§ Action item
In your copy, leave out the pictures; write out all the data exactly.

§ Data provided
########################################
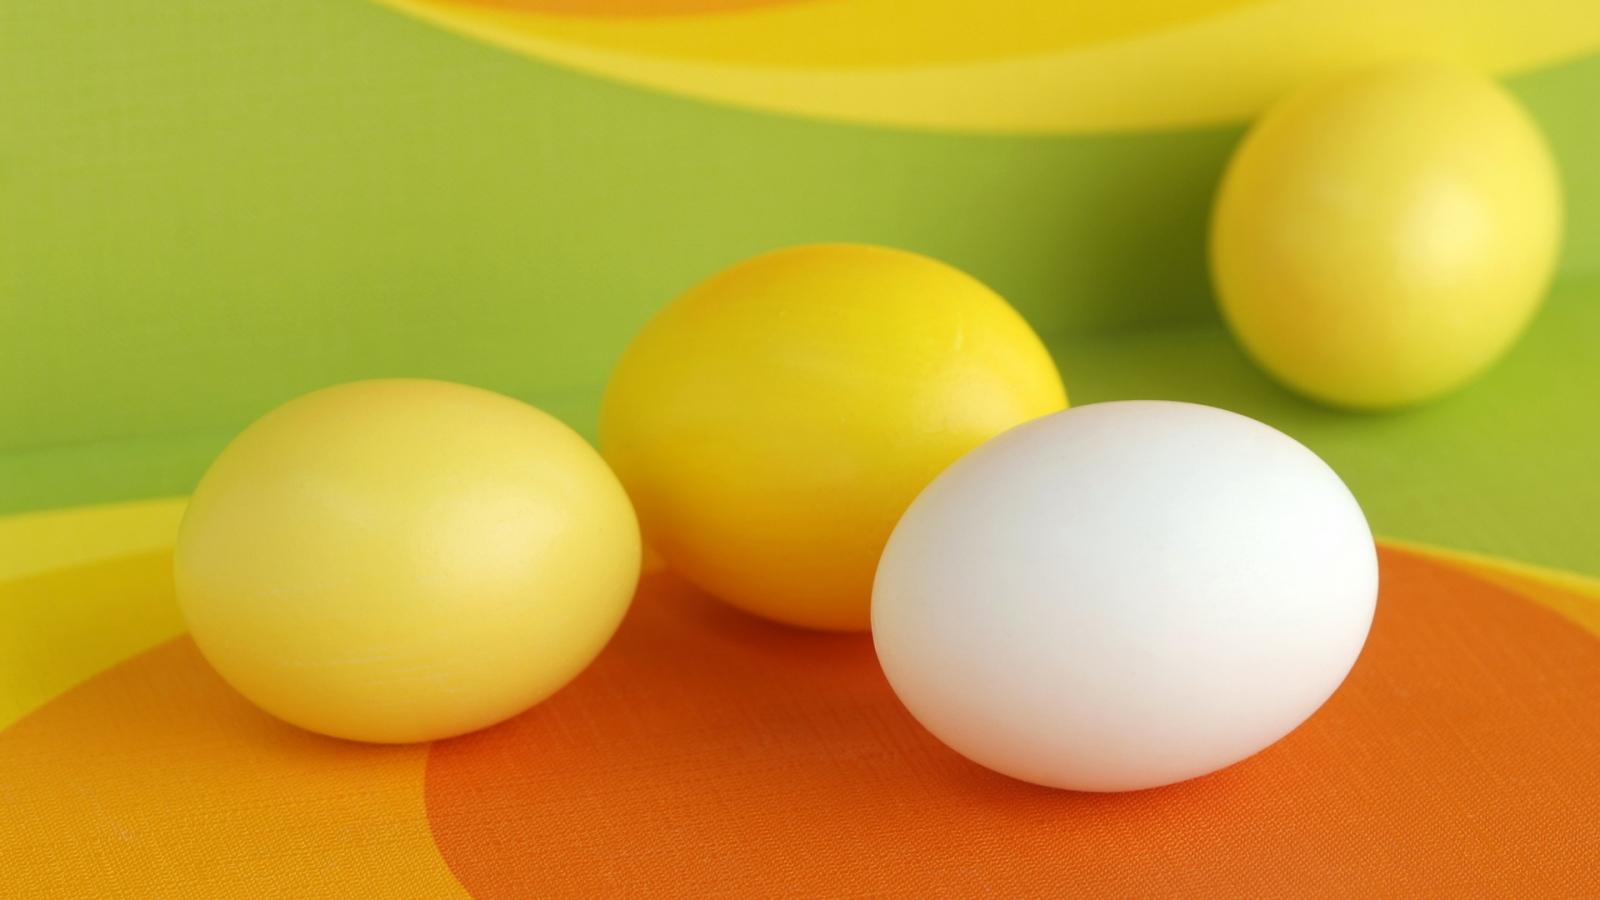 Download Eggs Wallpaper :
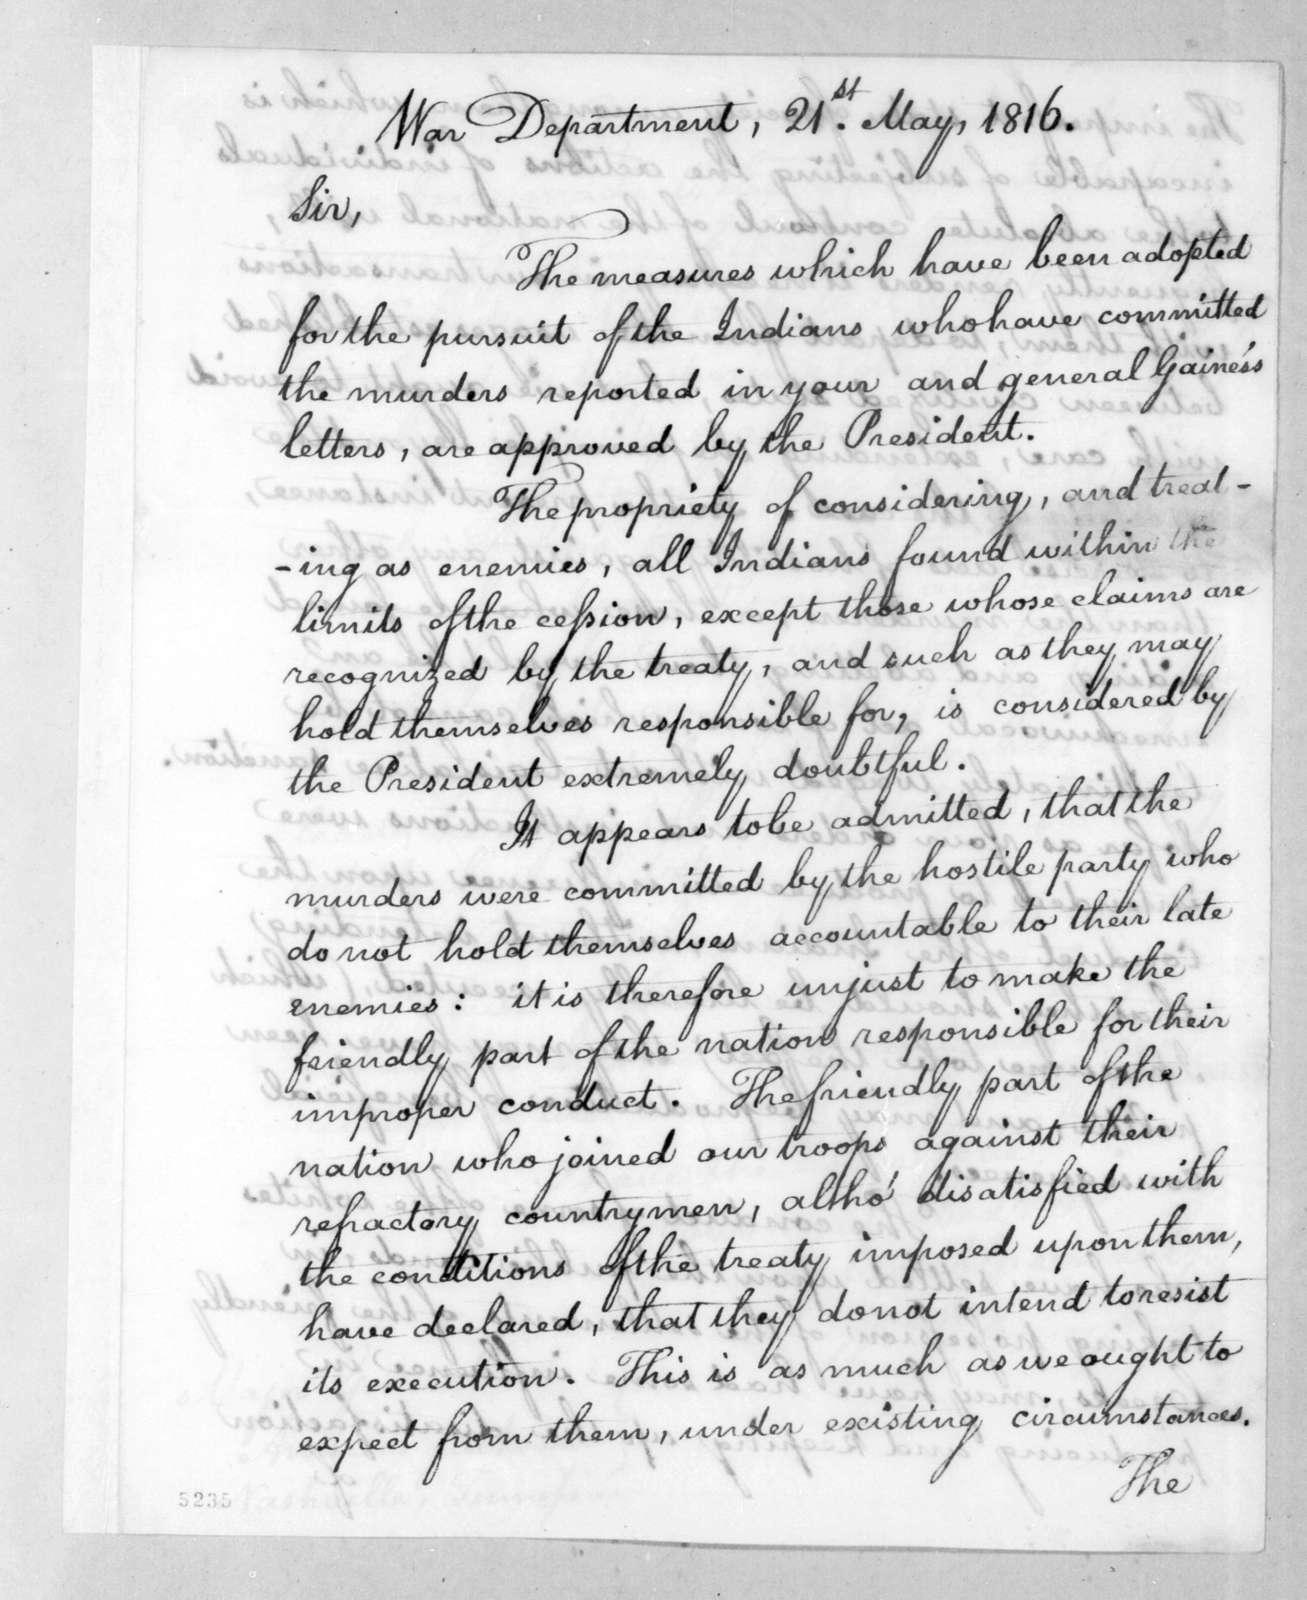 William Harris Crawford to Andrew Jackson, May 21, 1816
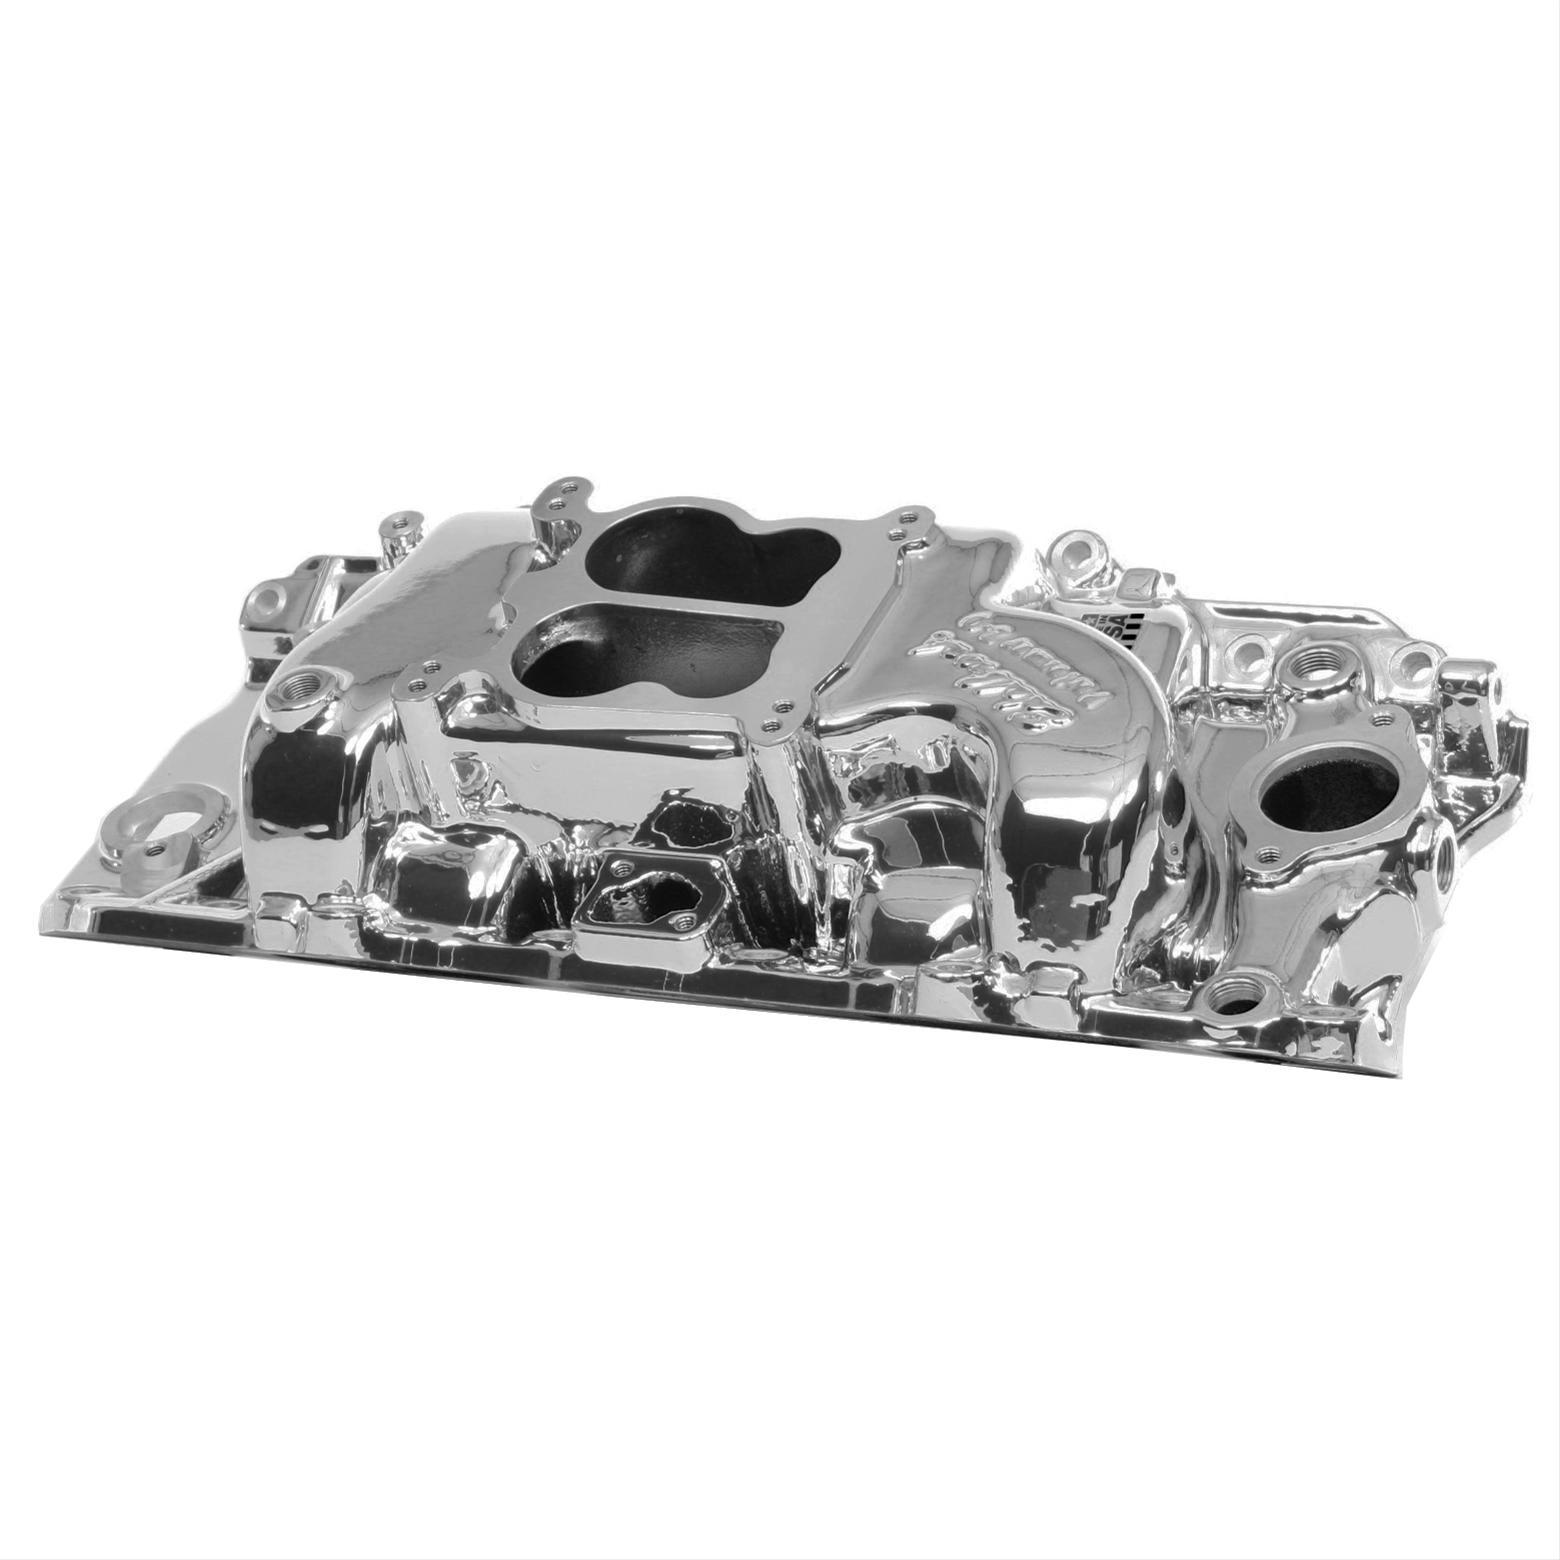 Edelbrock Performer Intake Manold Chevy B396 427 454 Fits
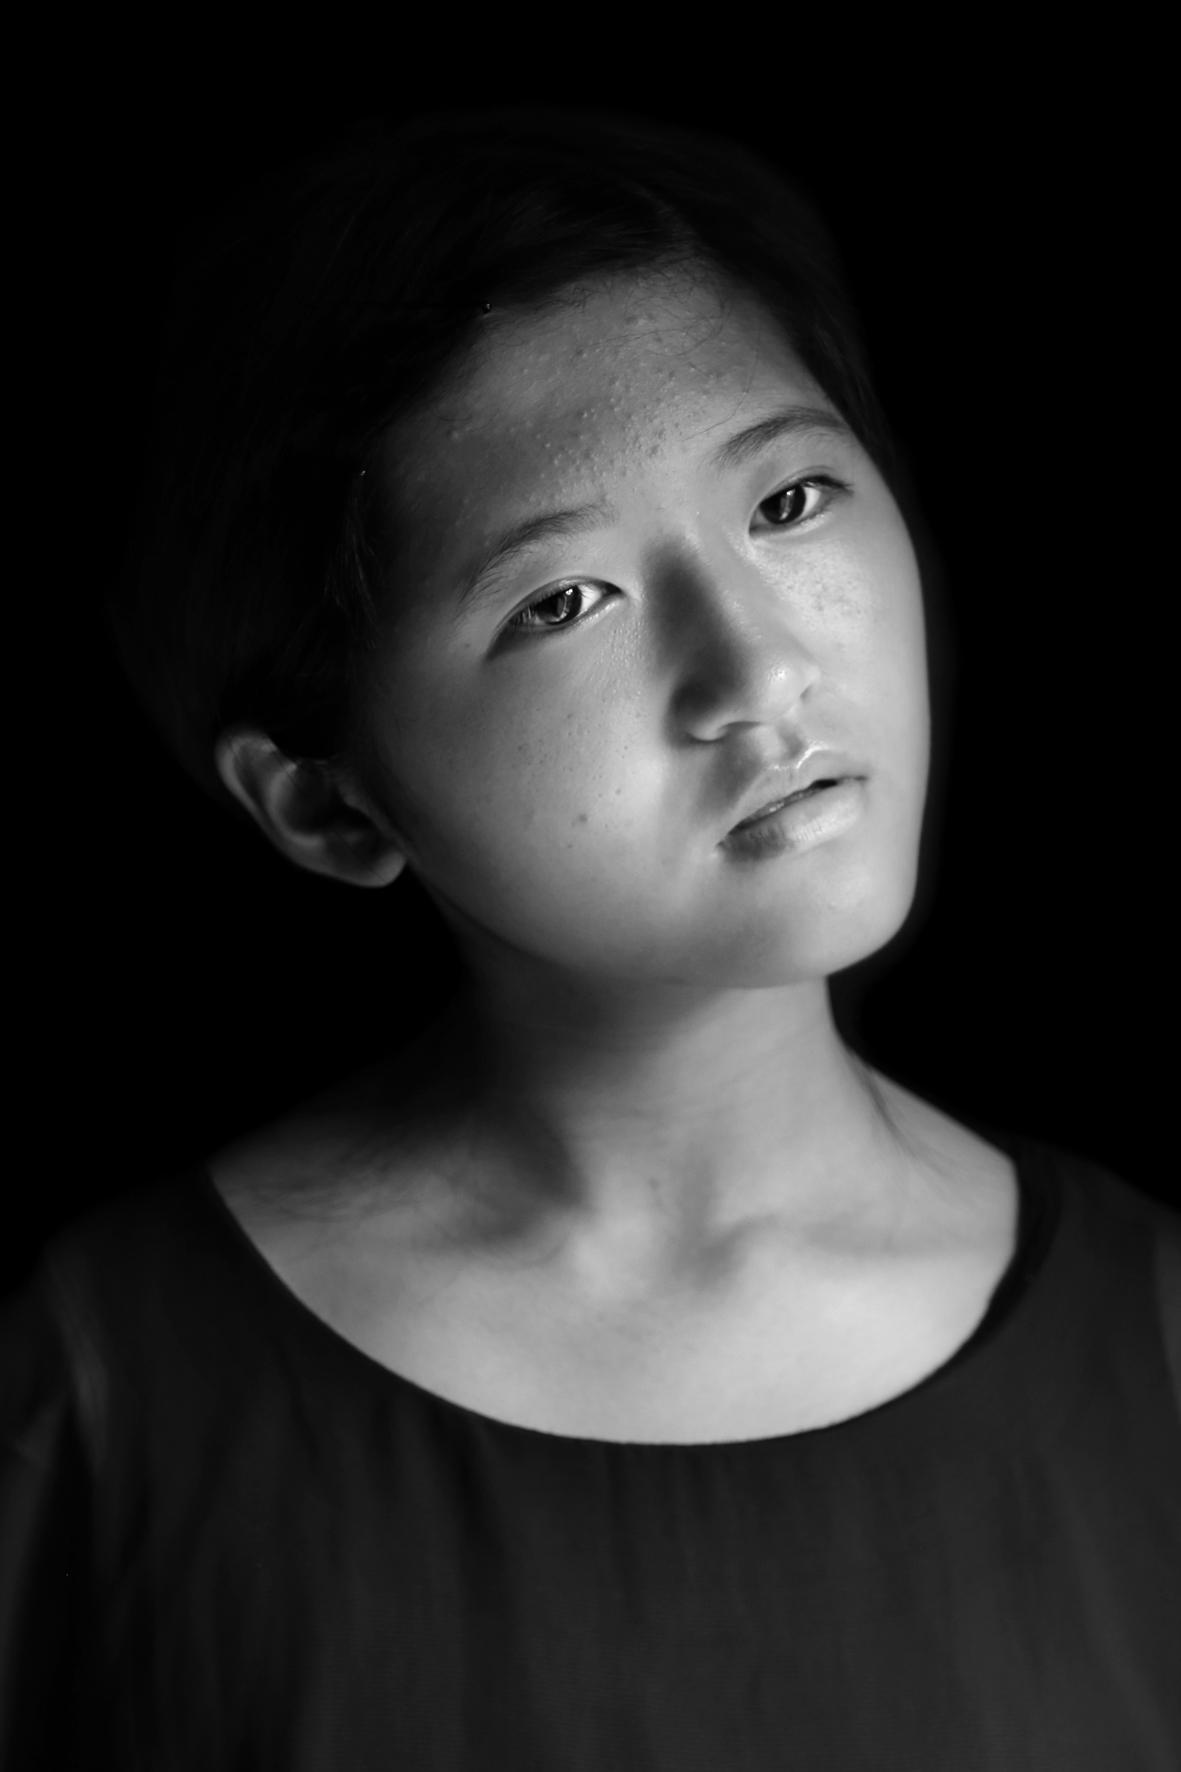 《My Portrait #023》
########################################
§ Worked solution
 Download Eggs Wallpaper :
 William Harris Crawford to Andrew Jackson, May 21, 1816
 Edelbrock Performer Intake Manold Chevy B396 427 454 Fits
 《My Portrait #023》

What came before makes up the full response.